Wedging the area element with \( F \) will produce pseudoscalar multiples of the various \( \BE \) and \( \BB \) components, but a recipe for these components is required.

First note that for \( k \ne 0 \), the wedge \( \gamma_k \wedge \gamma_0 \wedge F \) will just select components of \( \BB \). This can be seen first by simplifying

\begin{equation}\label{eqn:maxwellStokes:300}
\begin{aligned}
I \BB
&=
\gamma_{0 1 2 3} B^m \gamma_{m 0} \\
&=
\left\{
\begin{array}{l l}
\gamma_{3 2} B^1 & \quad \mbox{\( m = 1 \)} \\
\gamma_{1 3} B^2 & \quad \mbox{\( m = 2 \)} \\
\gamma_{2 1} B^3 & \quad \mbox{\( m = 3 \)}
\end{array}
\right.,
\end{aligned}
\end{equation}

or

\begin{equation}\label{eqn:maxwellStokes:320}
I \BB = – \epsilon_{a b c} \gamma_{a b} B^c.
\end{equation}

From this it follows that

\begin{equation}\label{eqn:maxwellStokes:340}
\gamma_k \wedge \gamma_0 \wedge F = I c B^k.
\end{equation}

The electric field components are easier to pick out.

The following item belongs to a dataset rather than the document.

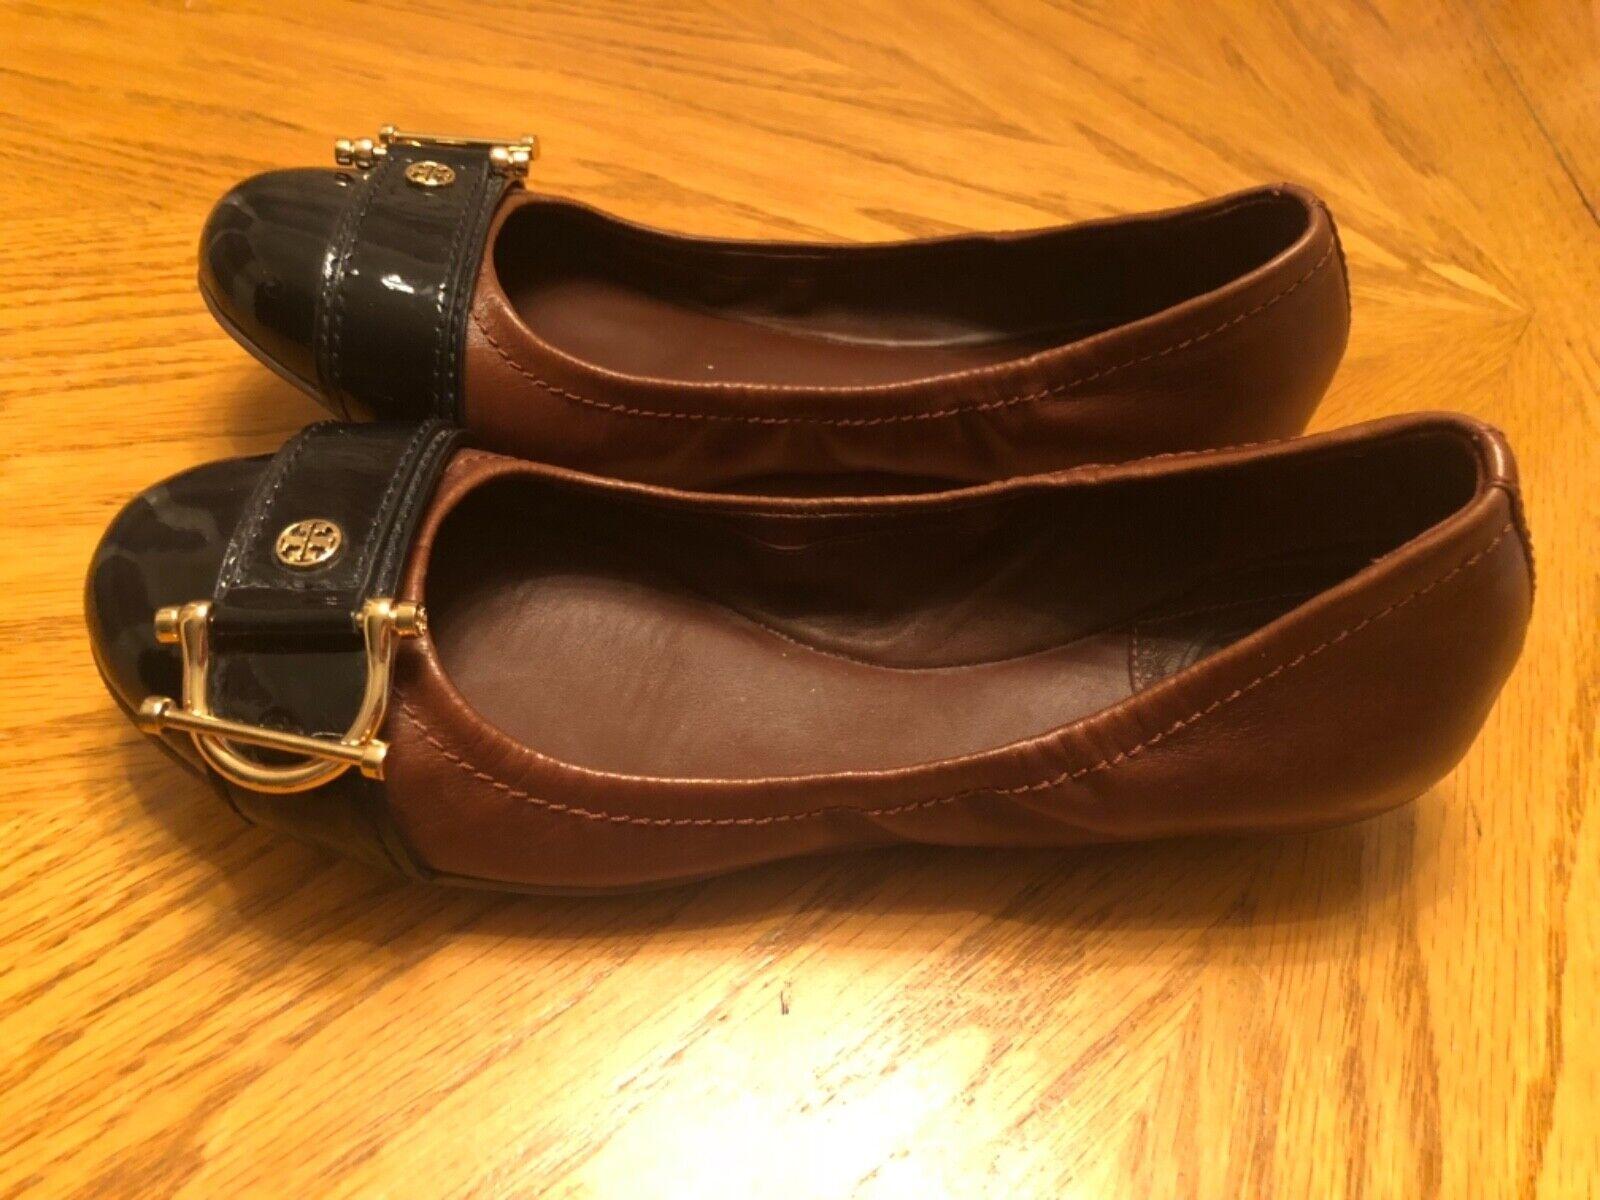 Zapatos Ballerina Zapatos de tacón Tory Burch Marrón y y y Negro de cuero con correa de oro talla 7.5M  la mejor oferta de tienda online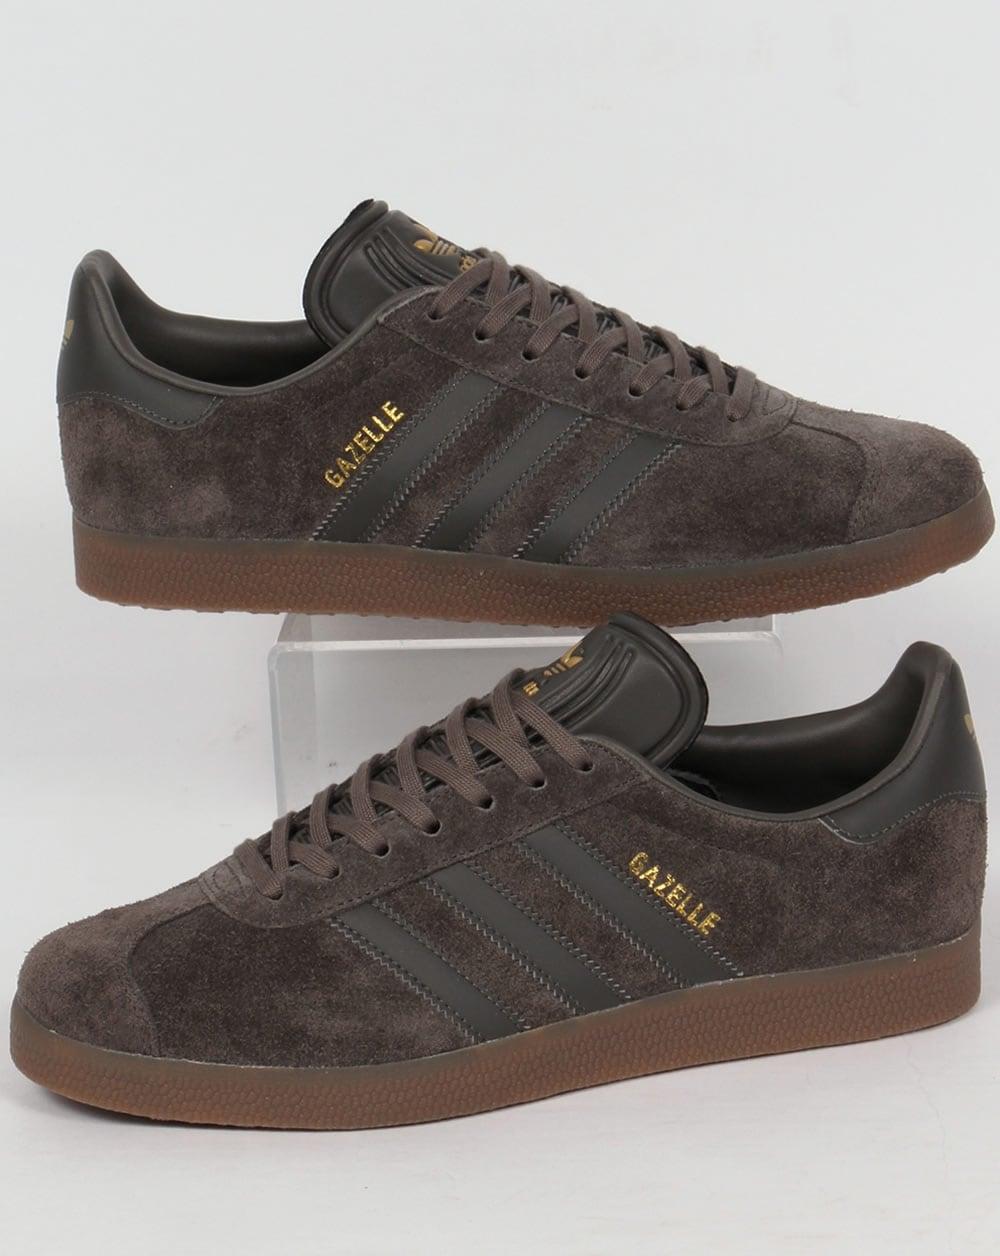 b4af64008e6 adidas Trainers Adidas Gazelle Trainers Utility Grey Gum

Those are selected by

\begin{equation}\label{eqn:maxwellStokes:360}
\begin{aligned}
\gamma_m \wedge \gamma_n \wedge F
&= \gamma_m \wedge \gamma_n \wedge \gamma_k \wedge \gamma_0 E^k \\
&= -I E^k \epsilon_{m n k}.
\end{aligned}
\end{equation}

The respective volume element wedge products with \( J \) are

\begin{equation}\label{eqn:maxwellStokes:400}
\begin{aligned}
\inv{I} d^3 x \wedge J = \inv{c \epsilon_0} J^3
\inv{I} d^3 x \wedge J = \inv{c \epsilon_0} J^2
\inv{I} d^3 x \wedge J = \inv{c \epsilon_0} J^1,
\end{aligned}
\end{equation}

and the respective sum of surface area elements wedged with the electromagnetic field are

\begin{equation}\label{eqn:maxwellStokes:380}
\begin{aligned}
\inv{I} d^2 x \wedge F &= – \evalbar{E^3}{c \Delta t} dx dy + c \lr{ \evalbar{B^2}{\Delta x} dy – \evalbar{B^1}{\Delta y} dx } dt \\
\inv{I} d^2 x \wedge F &= \evalbar{E^2}{c \Delta t} dx dz + c \lr{ \evalbar{B^3}{\Delta x} dz – \evalbar{B^1}{\Delta z} dx } dt \\
\inv{I} d^2 x \wedge F &= – \evalbar{E^1}{c \Delta t} dy dz + c \lr{ \evalbar{B^3}{\Delta y} dz – \evalbar{B^2}{\Delta z} dy } dt \\
\inv{I} d^2 x \wedge F &= – \evalbar{E^3}{\Delta z} dy dx – \evalbar{E^2}{\Delta y} dx dz – \evalbar{E^1}{\Delta x} dz dy,
\end{aligned}
\end{equation}

so
\begin{equation}\label{eqn:maxwellStokes:381}
\begin{aligned}
\int_{\partial V} – \evalbar{E^3}{c \Delta t} dx dy + c \lr{ \evalbar{B^2}{\Delta x} dy – \evalbar{B^1}{\Delta y} dx } dt &=
c \int_V dx dy dt \inv{c \epsilon_0} J^3 \\
\int_{\partial V} \evalbar{E^2}{c \Delta t} dx dz + c \lr{ \evalbar{B^3}{\Delta x} dz – \evalbar{B^1}{\Delta z} dx } dt &=
-c \int_V dx dy dt \inv{c \epsilon_0} J^2 \\
\int_{\partial V} – \evalbar{E^1}{c \Delta t} dy dz + c \lr{ \evalbar{B^3}{\Delta y} dz – \evalbar{B^2}{\Delta z} dy } dt &=
c \int_V dx dy dt \inv{c \epsilon_0} J^1 \\
\int_{\partial V} – \evalbar{E^3}{\Delta z} dy dx – \evalbar{E^2}{\Delta y} dx dz – \evalbar{E^1}{\Delta x} dz dy &=
-\int_V dx dy dz \inv{\epsilon_0} \rho.
\end{aligned}
\end{equation}

Observe that if the volume elements are taken to their infinesimal limits, we recover the traditional differential forms of the Ampere-Maxwell and Gauss’s law equations.

References

[1] A. Macdonald. Vector and Geometric Calculus. CreateSpace Independent Publishing Platform, 2012.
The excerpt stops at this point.